Friday, February 27, 2015

Adding Insult to Injury



A state Psychology Board recently hit one of its psychologists with a penalty that was perfectly tailored for the charges leveled against him.  It revoked his license for a minimum of five years.  It further held that if, by some unexpected turn of events, this doctor managed to get his license back, he would never be allowed to treat females.  It finally ruled that if he did get his license back, his practice would always be monitored by a Board-approved mental health professional.  By now, you can probably figure out the nature of some of the charges against Dr. A. 
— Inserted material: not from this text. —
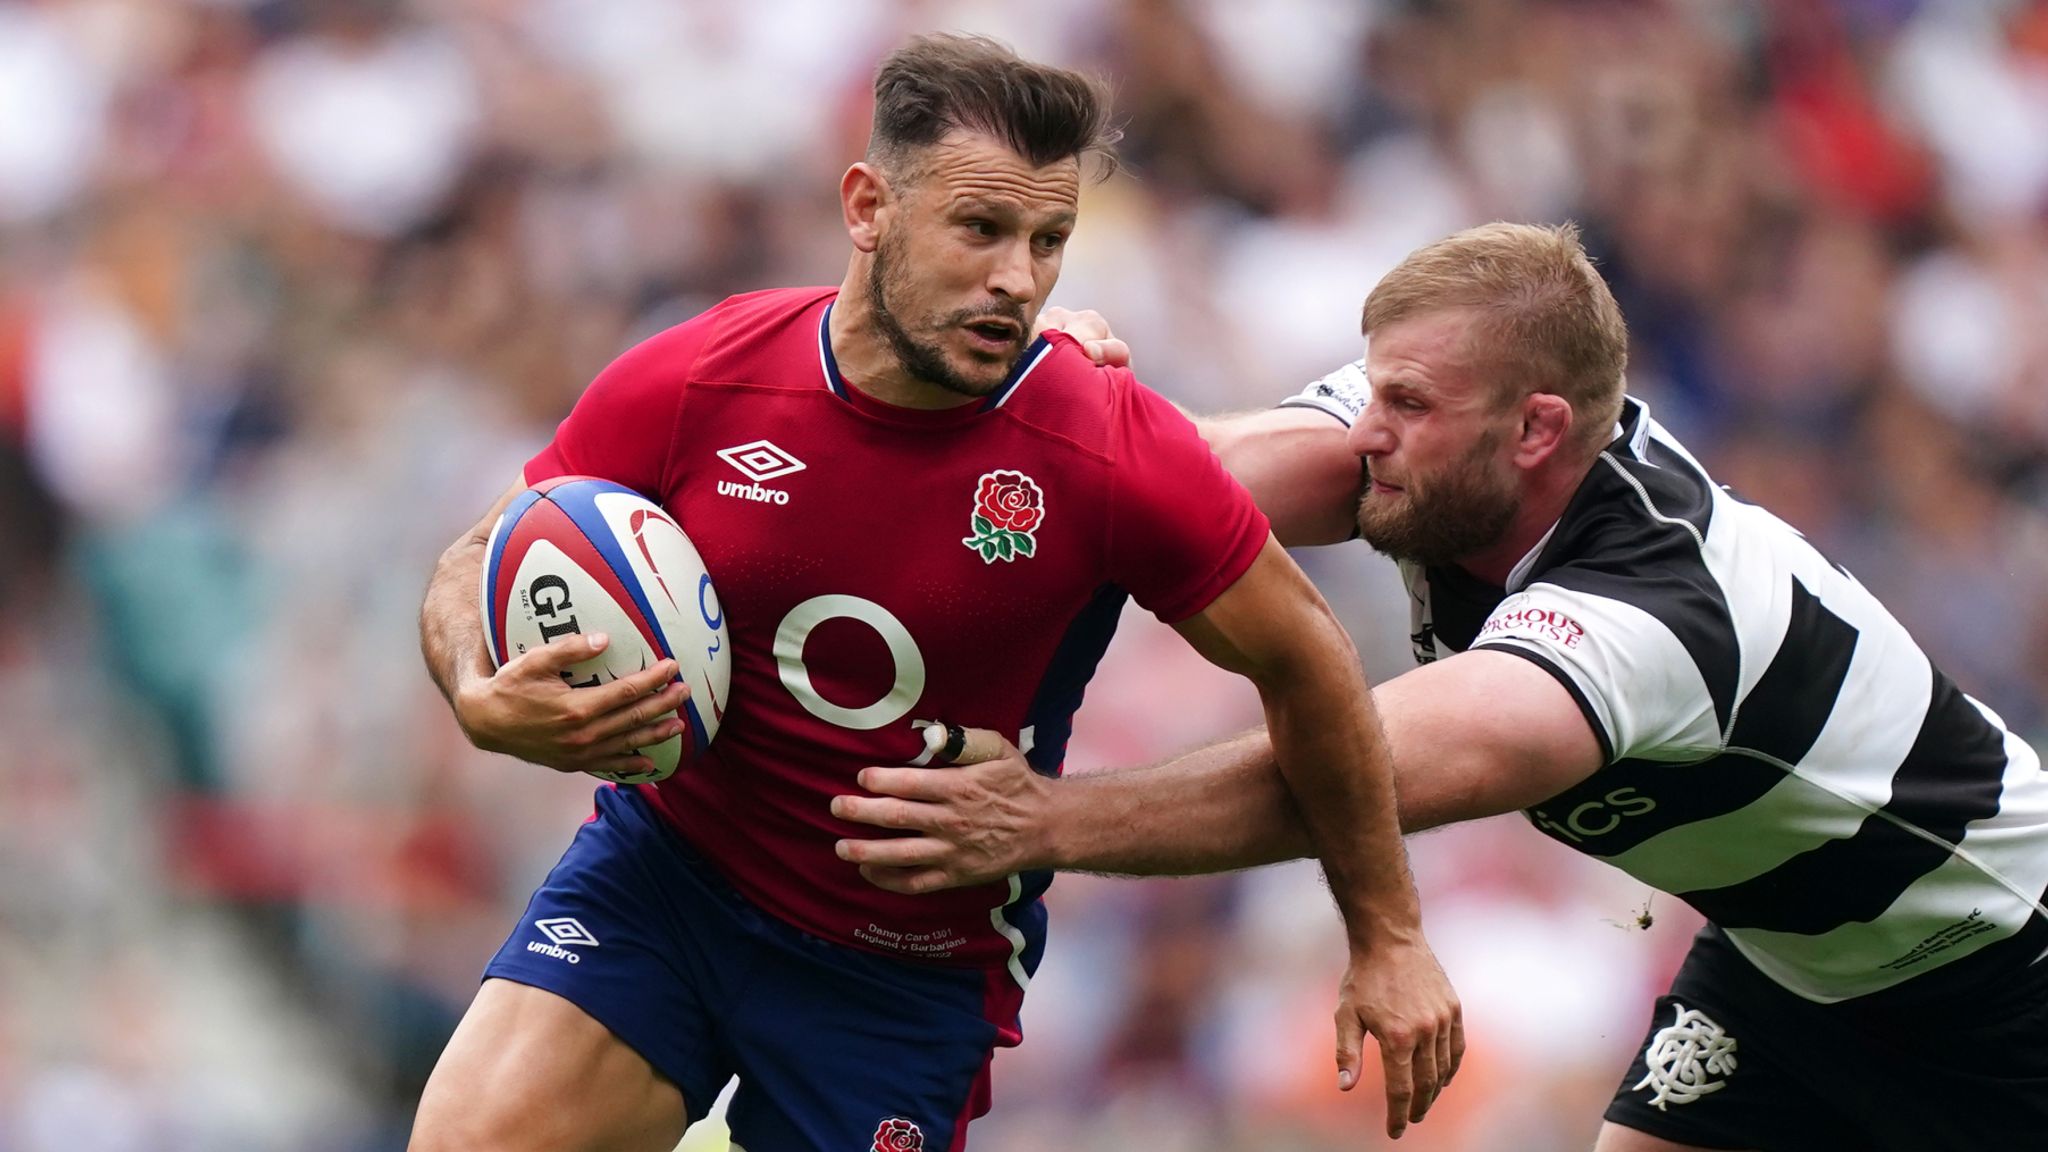 Billy Vunipola, Danny Care return to start for England vs Australia in first Test, live on Sky Sports Rugby Union News Sky Sports

From the mid-1980’s through 1996, Dr. A. provided psychotherapy to a female patient, referred to as “Client G.”  He initiated a sexual relationship with her from 1994-96.  The sex took place during weekly sessions.  The doctor billed the patient for those sessions.  While treating and having sex with her, he also made her a co-facilitator of a psychology group for sexually abused women.  He presented her to the group “in a way that suggested that Client G had qualifications as a mental health professional.”  I’m sure he billed for these sessions as well.  The Board also found that during this same period of time, Dr. A had an affair with Client R.

Meanwhile, Dr. A was also treating clients "S" and "M."  These women participated in group sessions for sexual abuse victims who had developed post-traumatic stress disorder.  On one occasion Dr. A called S to ask her to help M who was suicidal at the time.  The Board ruled that telling S that M was suicidal violated M’s privacy.  Dr. A argued that he made the call in an effort to save M’s life.  The Board dismissed this argument.

On appeal, Dr. A argued that it was error to allow “patient advocate” Board members to participate in hearing his case.  His state’s Psychology Licensing Act requires three board members to be members of the public “who are not mental health professionals.” Unfortunately, the statute refers to these members as “patient advocates.”  The Court threw out this defense because Dr. A offered no evidence of “specific bias or prejudice” on the part of these Board members.  

In a last ditch effort to save his license, Dr. A argued that Dr. Woodrow, one of the psychologist board members, should not have participated in his hearing.  He claimed that she was biased against him because she had treated patient “G.”  The evidence showed that almost 30 years before the hearing, Dr. Woodrow treated G.  However, she did not remember G and did not have records of her treating G. The Court found that this was not evidence of bias.

It’s hard to find a worse example of psychologist-patient abuse.  Dr. A chose a patient whom the Board described as “very vulnerable,” initiated a sexual relationship with her, charged her for the privilege of having sex with him, cheated on her, and had her misrepresent herself when she “facilitated” a group of sex abuse victims.  It is fortunate that the Board took this man’s license.  One can only hope he never gets it back.